• [Work required]: Any picture in the data below gets skipped; print all the rest exactly.

• [Data below]:
=== Section Start ===

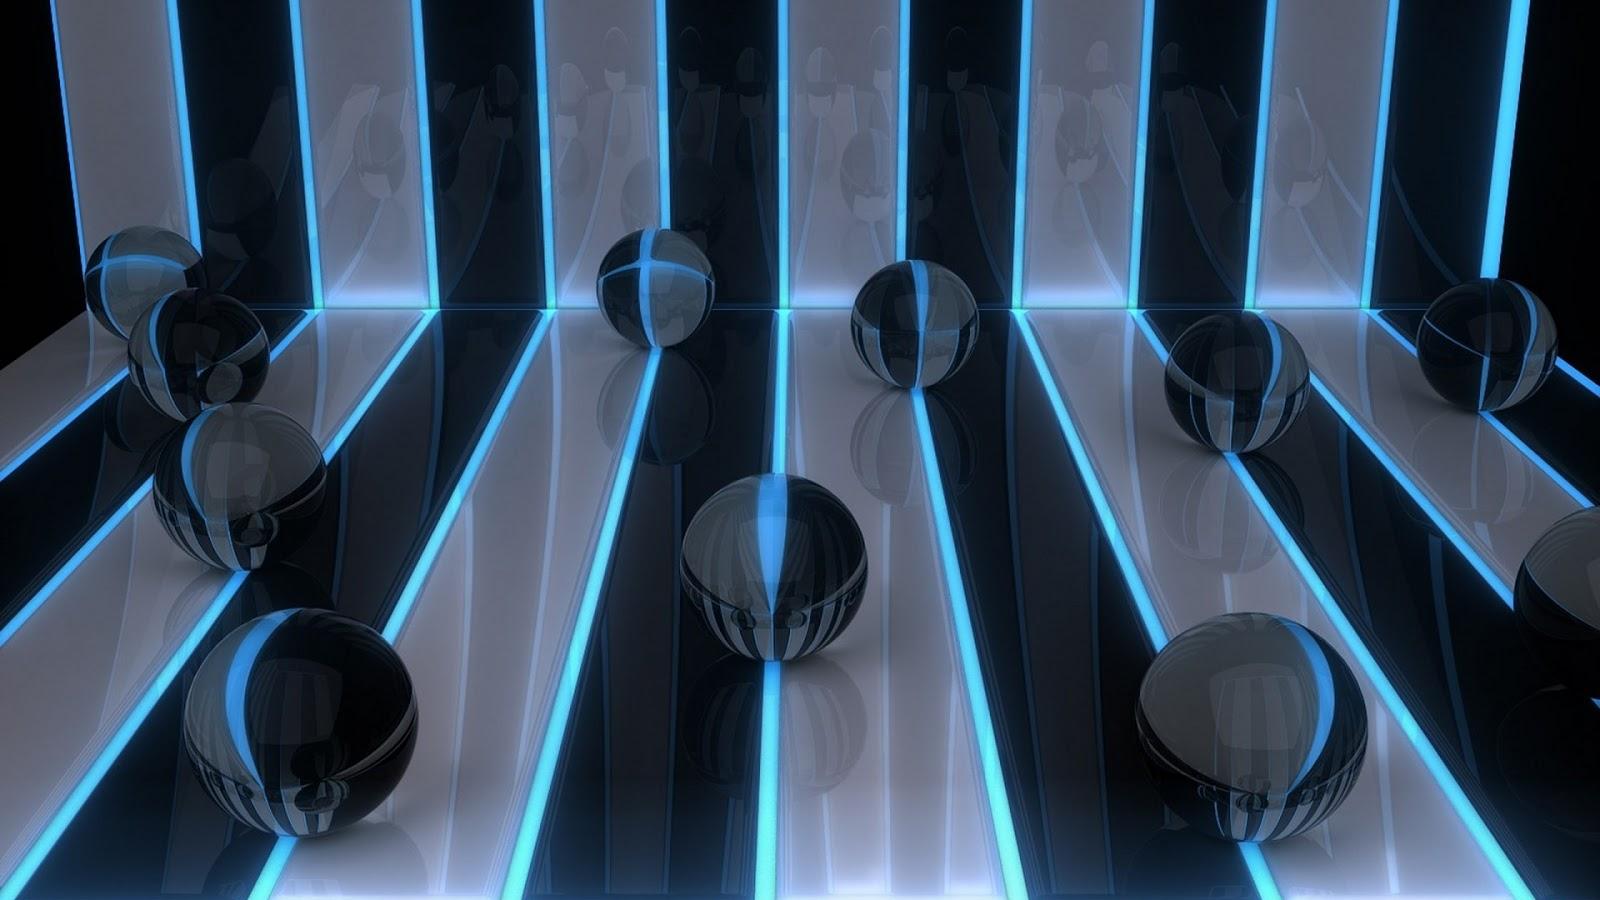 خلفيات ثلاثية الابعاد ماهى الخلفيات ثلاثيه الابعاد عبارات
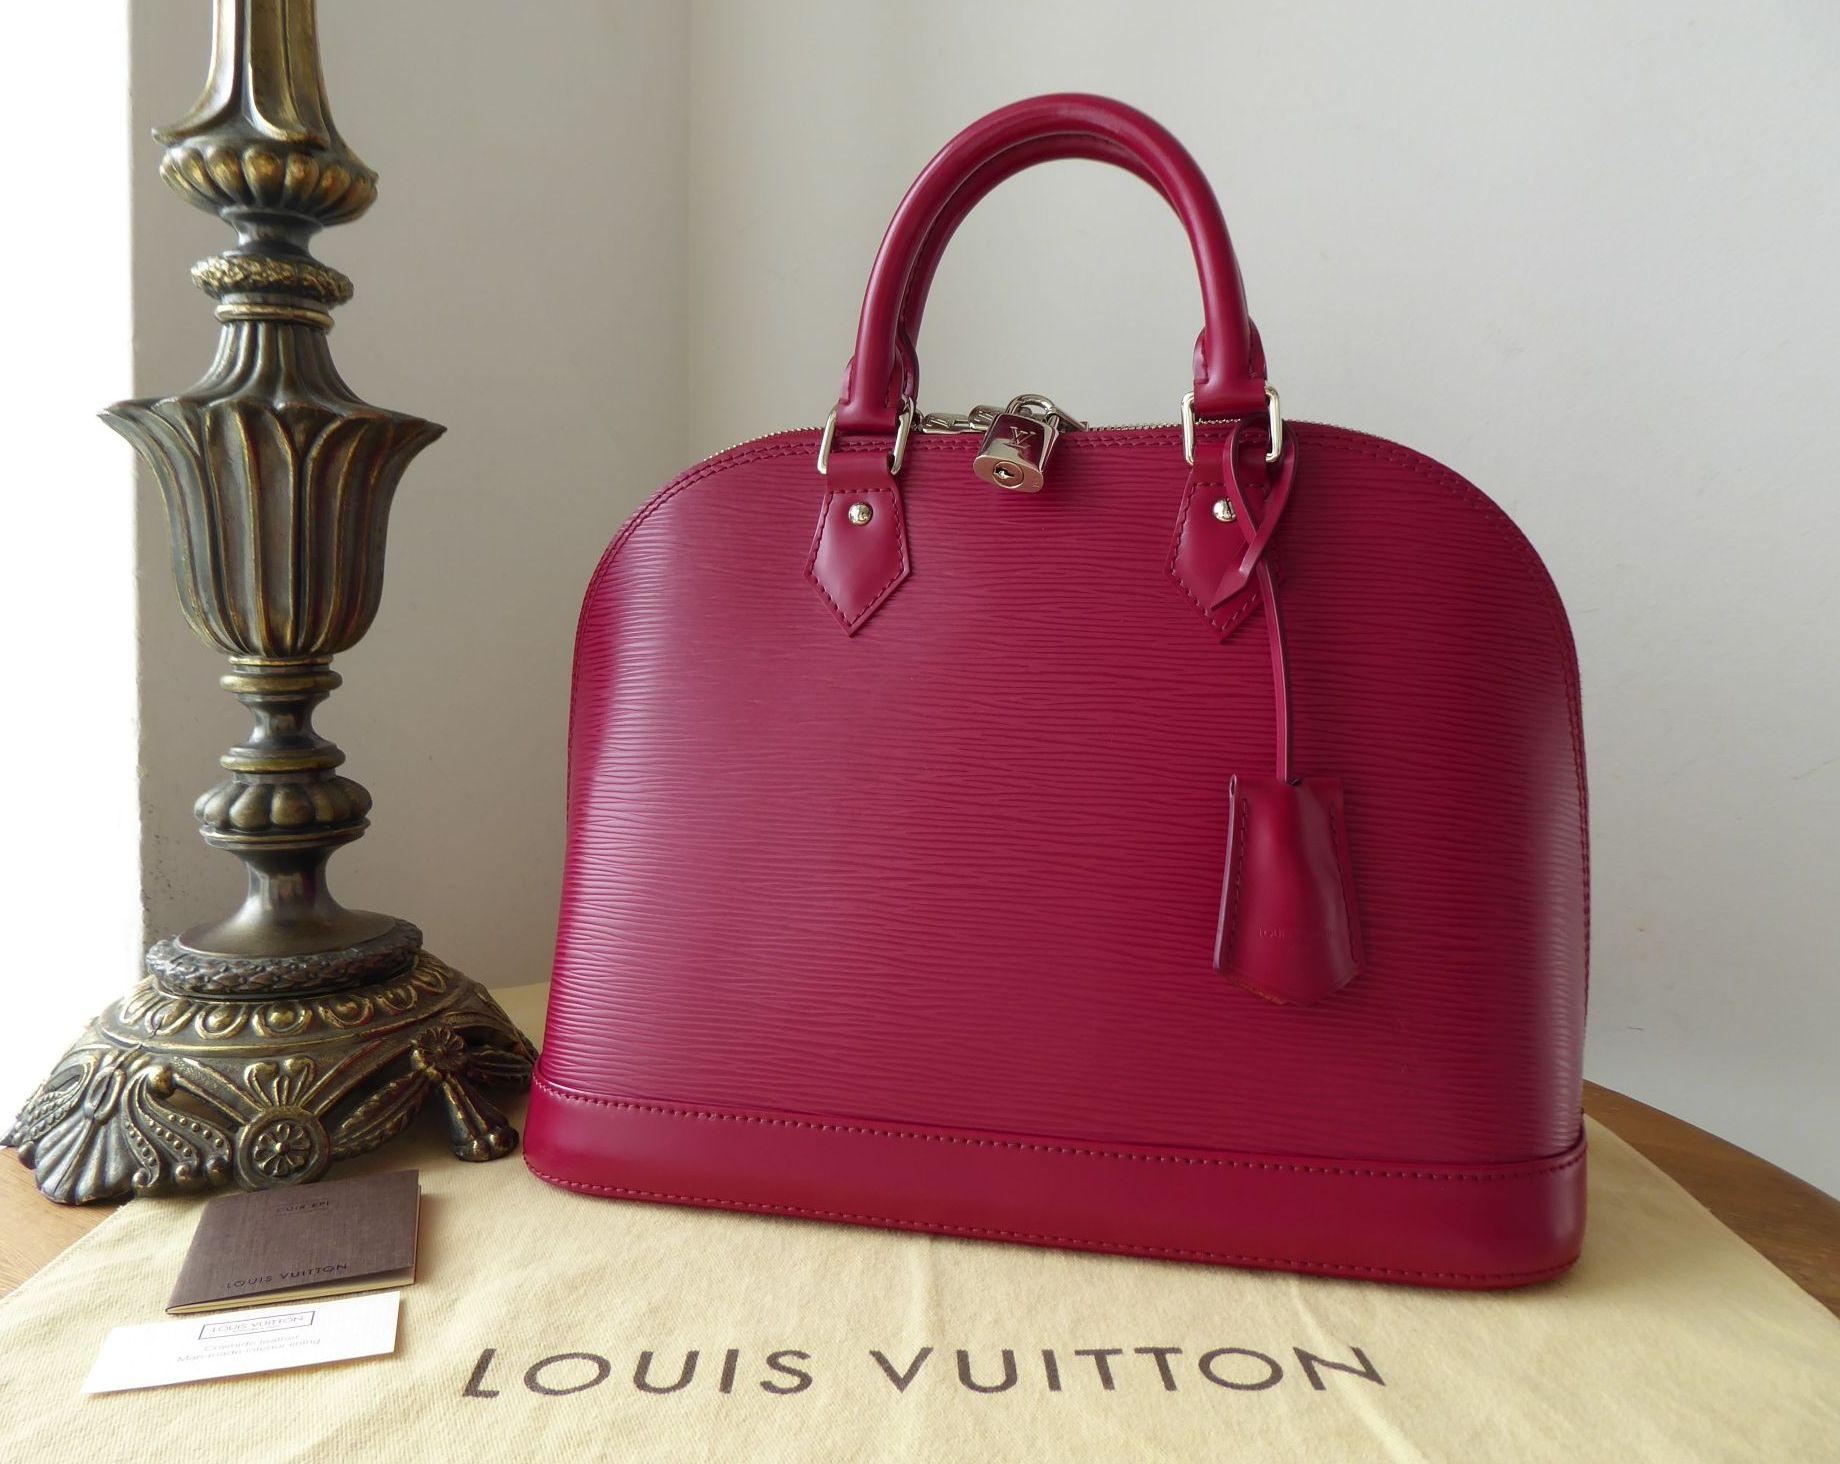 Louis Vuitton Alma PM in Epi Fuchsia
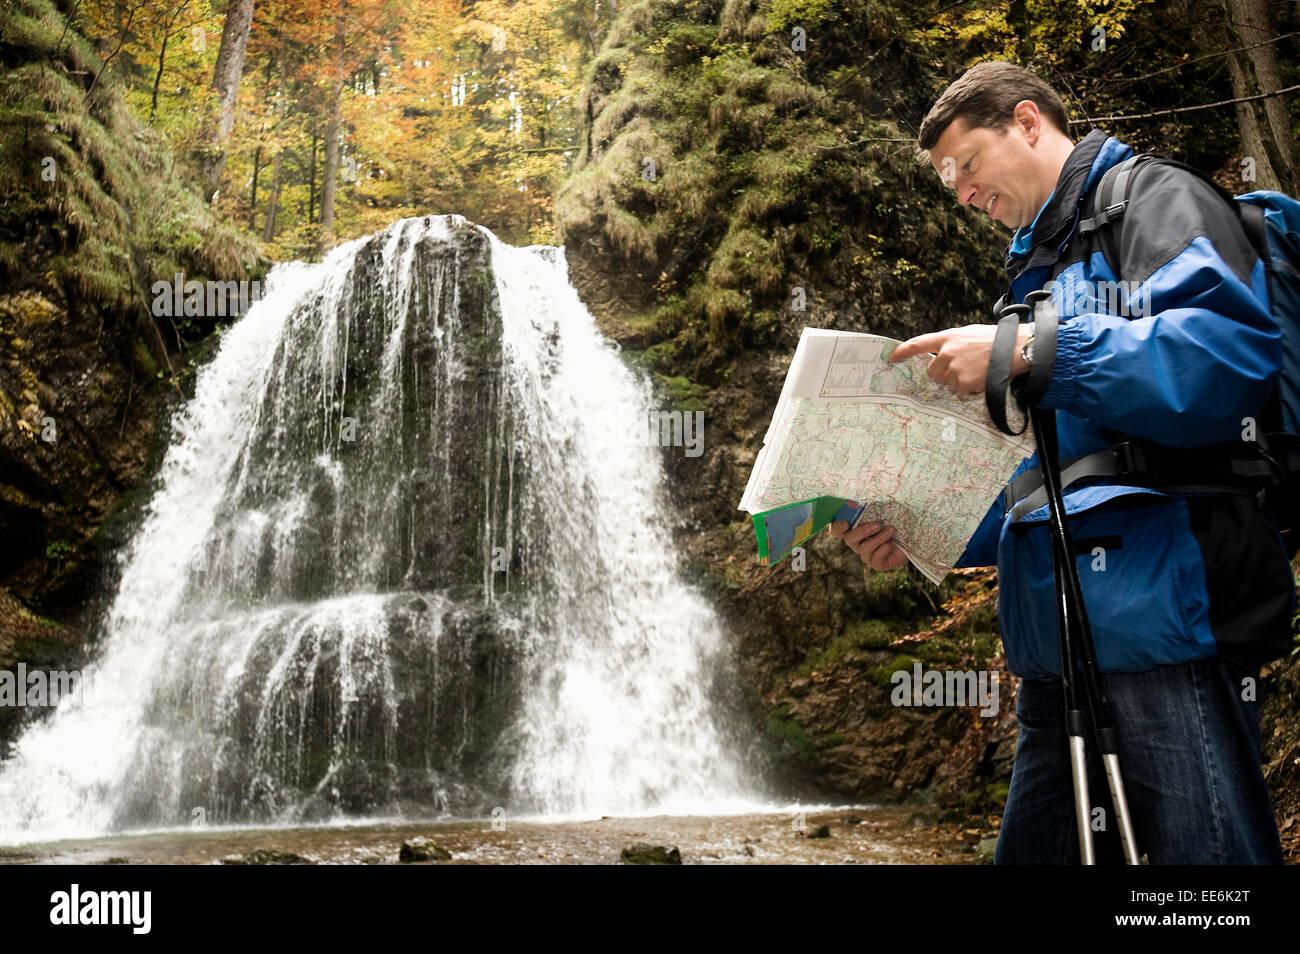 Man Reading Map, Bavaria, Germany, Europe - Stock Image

=== Section End ===

• [Task solution]:
 خلفيات ثلاثية الابعاد ماهى الخلفيات ثلاثيه الابعاد عبارات
 Louis Vuitton Alma PM in Epi Fuchsia
 Man Reading Map, Bavaria, Germany, Europe - Stock Image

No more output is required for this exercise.